Happy that another work week came to its ending, I skipped my planned gym training and drove to the railway station to pick up Miriam. Inspired by a blogpost of hers, we have arranged to walk in Tel Aviv and compare the resulting blogposts. You can read Miriam's here.
Since we were on "my territory", it was my task to decide where to walk. After consulting with the "natives", I followed their advice and drove us to a parking lot next to the Opera Tower. No, not the opera, the Opera Tower, where the opera once used to be.
We walked on the beach promenade towards Yaffa, where I was told there is an emerging 'scene' in the Flea Market area, especially on Thursday nights.
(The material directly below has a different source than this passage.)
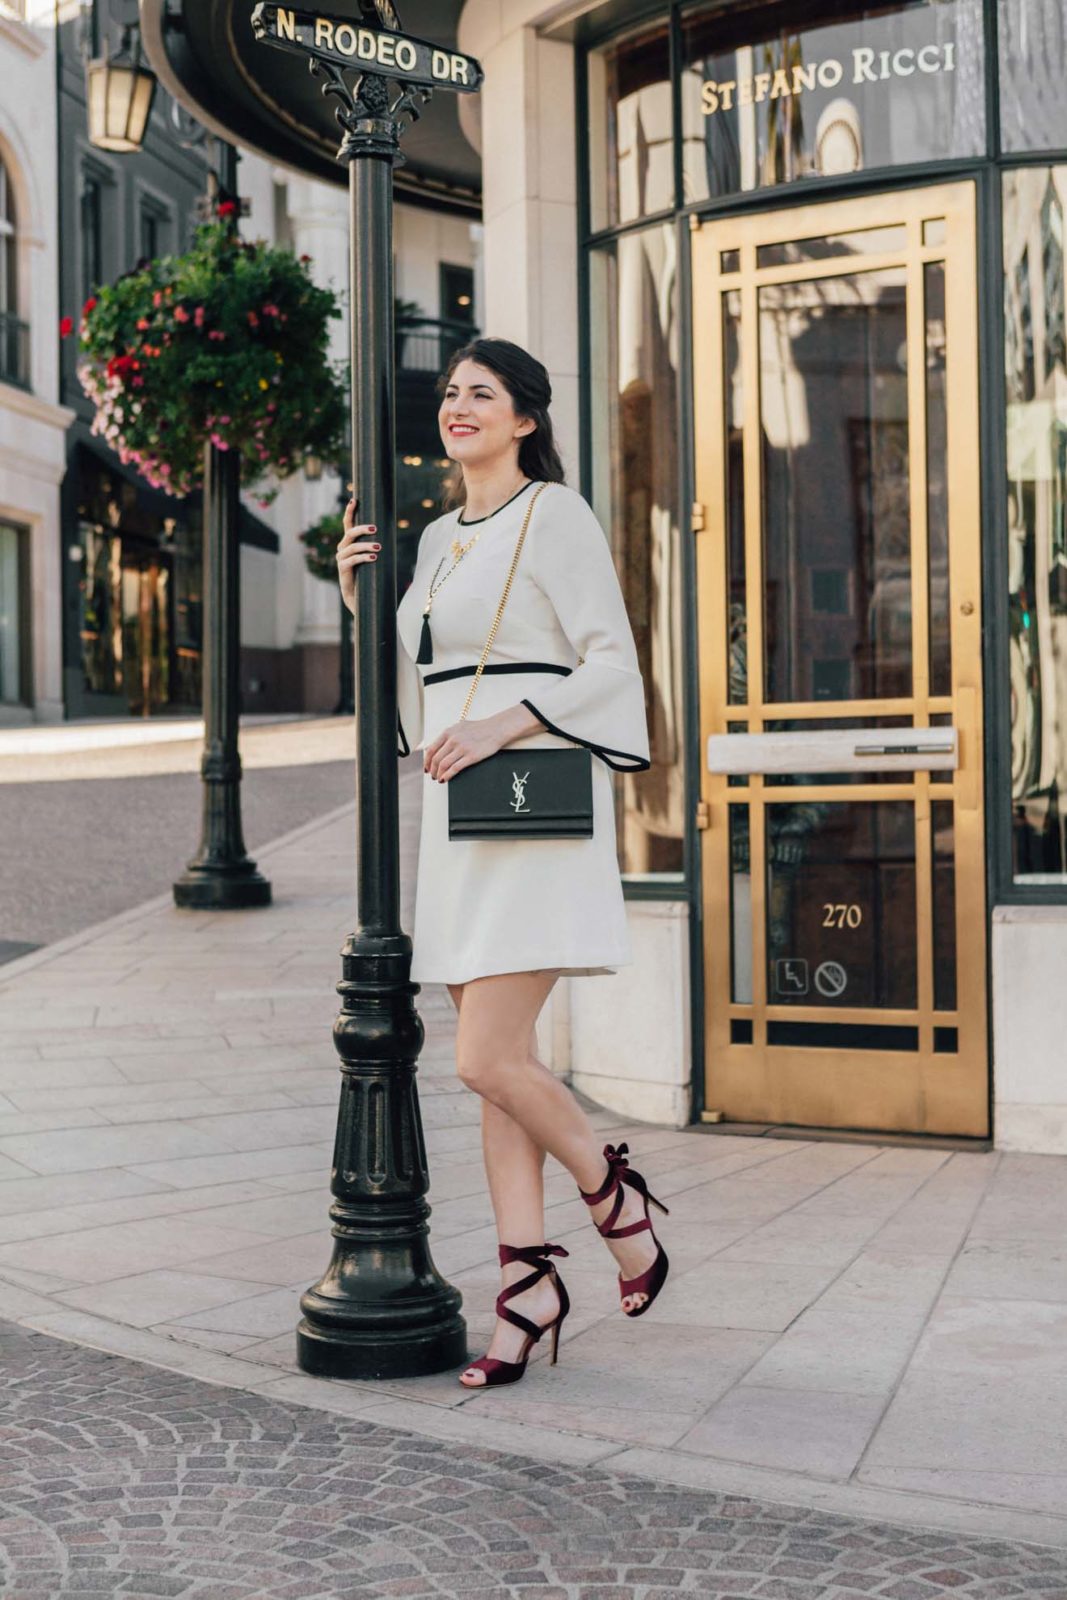 Nordstrom Holiday Shoes | Velvet heels | White Eliza J | Bell Sleeve Dress | 12 Days of Holiday Style: Red Velvet Heels featured by top Los Angeles fashion blog Laura Lily

What I wasn't told was the fact that this particular Thursday was the last day of Ramadan, a huge Muslim celebration. It seemed like the entire Muslim population of Israel was barbequing and picnicking in the beach park, in extended family formations, among considerable amounts of trash, scattered throughout the place.
Jaffa Clock Tower and turned east (left) towards the Flea Market. We indeed saw quite a few restaurants and bars (aka the 'scene'), but when we arrived, the shops were about to close and the restaurants still relatively empty. Israelis tend to hang out much later. We browsed some real flee market stuff and visited a posh two-story design shop with pricey furniture and household items. Carpet and rug stores abounded.
After surveying the eateries, we (or was it just me?) decided to have a light dinner in an unpretentious, kiosk-like beer garden (that's what they call themselves). We waited a long time for our orders. The shredded-ice lemonade was way too sweet and had an artificial minty taste. My frankfurter was OK, but Miriam complained about excessive amounts of salt in her unevenly tossed salad.
Since Miriam is the more serious blogger among us, she came well prepared with a small notebook and a pen. While waiting for our food, Miriam wrote something in her notebook and I was curious to know what, but was too shy to ask. When done, I persuaded Miriam to buy some kürtős kalács to take home and I took an unsweetened decaf cappuccino to balance the excessive sweetness of the aforementioned lemonade.
While sipping my cappuccino on the way back (this time we walked closer to the water, but it was still unpleasant), I was wondering whether this scene is the same in neighboring Arab countries in terms of crowds and fashion-many Muslim women were wearing pants and long sleeve pullovers and sarafans and head scarfs-in this humid heat. I also thought how ignorant we are (or at least myself) of Muslim holidays, although we have a large Muslim minority in the country.
A topic that came out during our conversation with Miriam, was the music we listen to. IMO, one can know a person better by knowing what genres he or she likes to listen to. In the car, on the way back to the station, I made Miriam listen to Hungarian operettas-the genre of my childhood.